A ses débuts, l'artiste a été marqué par l'expérience traumatisante de Dresde en feu qu'il avait vécue en 1945 avant qu'il ne retranscrive l'équilibre instable de sa position artistique à l'Est lorsqu'il fonda son oeuvre sur la dialectique Est/Ouest comme dans "Le Passage " de 1963 qui sera l'image prémonitoire qui le conduira à s'expatrier en août 1980.
Dans "Le Grand tableau-monde" de 1965, Penck mit en image la division de l'Allemagne en deux blocs avant de produire des oeuvres contenant des matériaux de la vie quotidienne en associant clarté abstraite et réalisme pour ensuite créer le concept du "Standart" avec une silhouette et des signes.

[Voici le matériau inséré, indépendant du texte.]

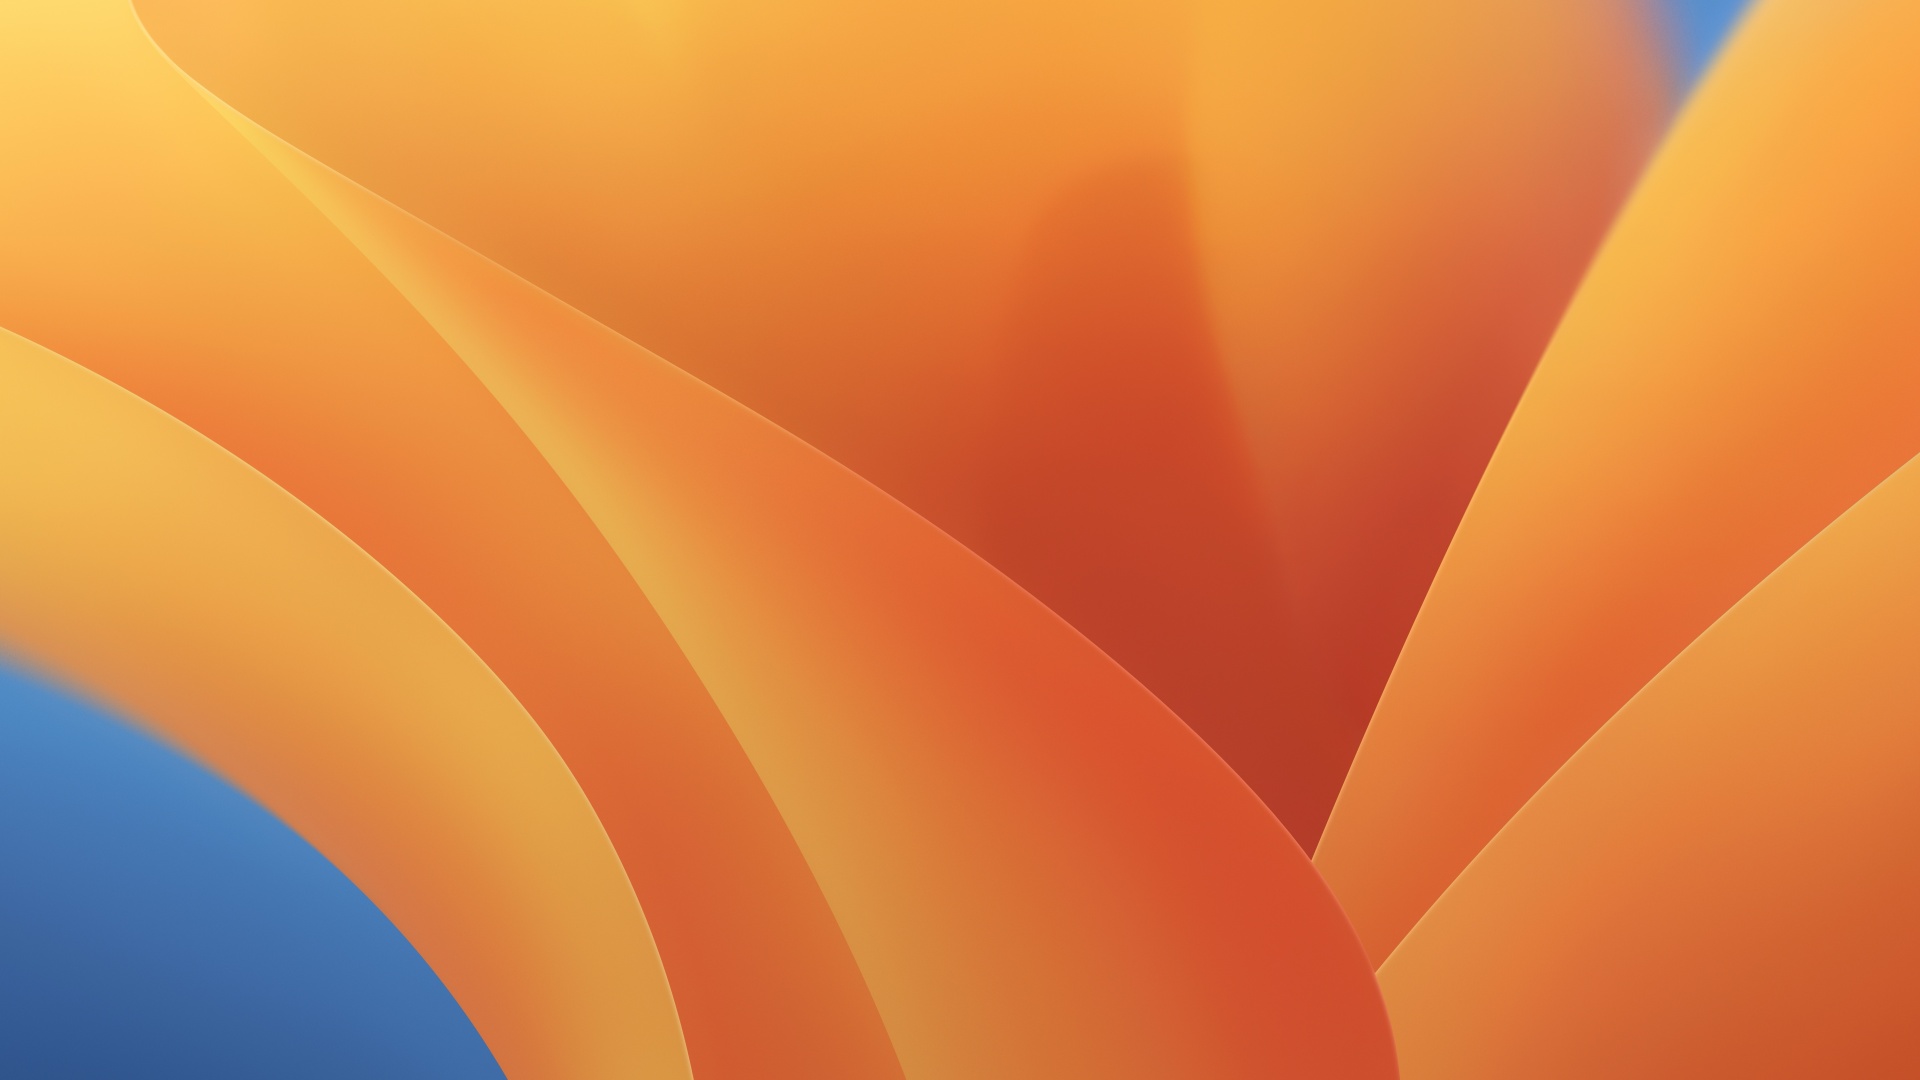 Thưởng thức hình nền mới nhất của Apple - macOS Ventura - mang đến một cảm giác thư giãn và thanh thản. Với thiết kế tối giản và những sắc màu độc đáo, hình nền sẽ làm cho màn hình của bạn trở nên đẹp hơn và tạo nên sự khác biệt bạn mong muốn.
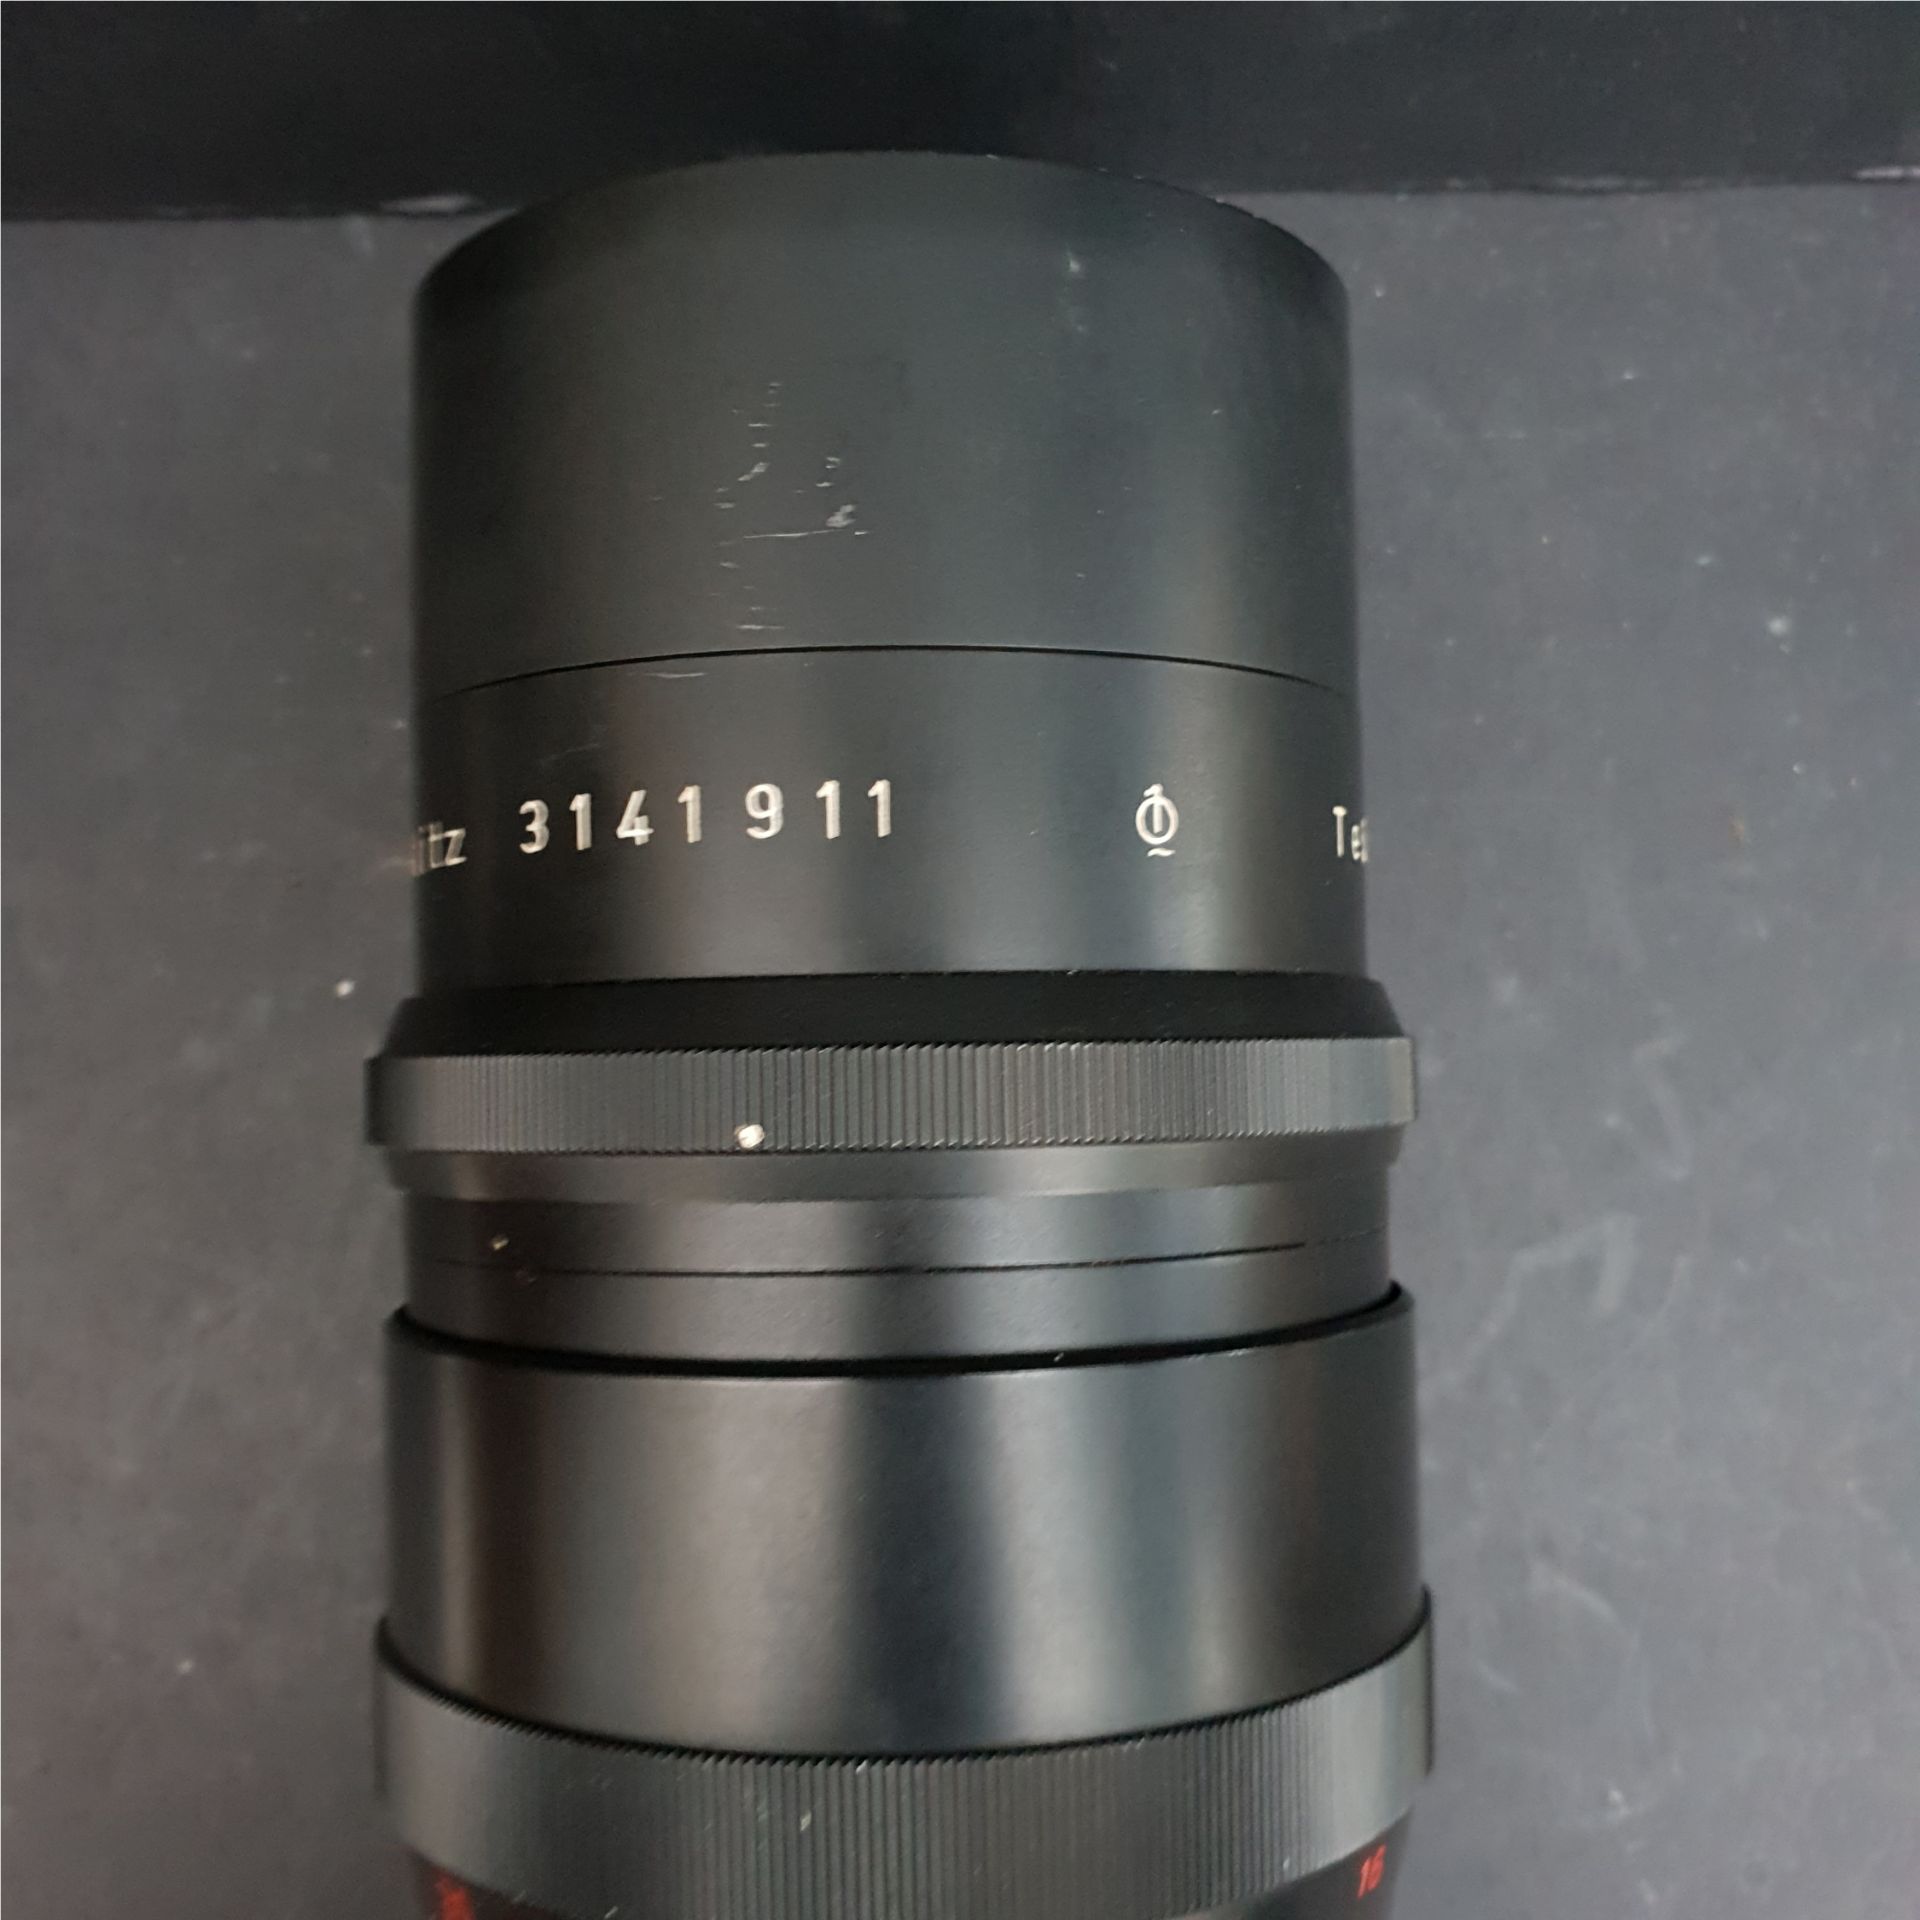 Meyer Optik Telemegor 4.5 / 300 Camera Lens & Leather Case - Image 3 of 5

En 1973, il travailla sous le pseudonyme de "Mike Hammer" le personnage de détective créé par l'écrivain américain Mickey Spillane en alternant signes et symboles, abstraction et figuration sur la toile. En butte aux tracasseries de la bvureaucratie est-allemande, il changea ainsi plusieurs fois de nom et créa des oeuvres collectives en se montrant avec ses amis du groupe "Lücke", dissous en 1976. A partir de 1981, ses tableaux devinrent plus lumineux à l'occasion d'un séjour à Montmartre avant d'aller vers une plus grande abstraction, le fond et les figures s'enchevêtrant, dessinant un réseau graphique dense recouvrant l'ensemble de la toile.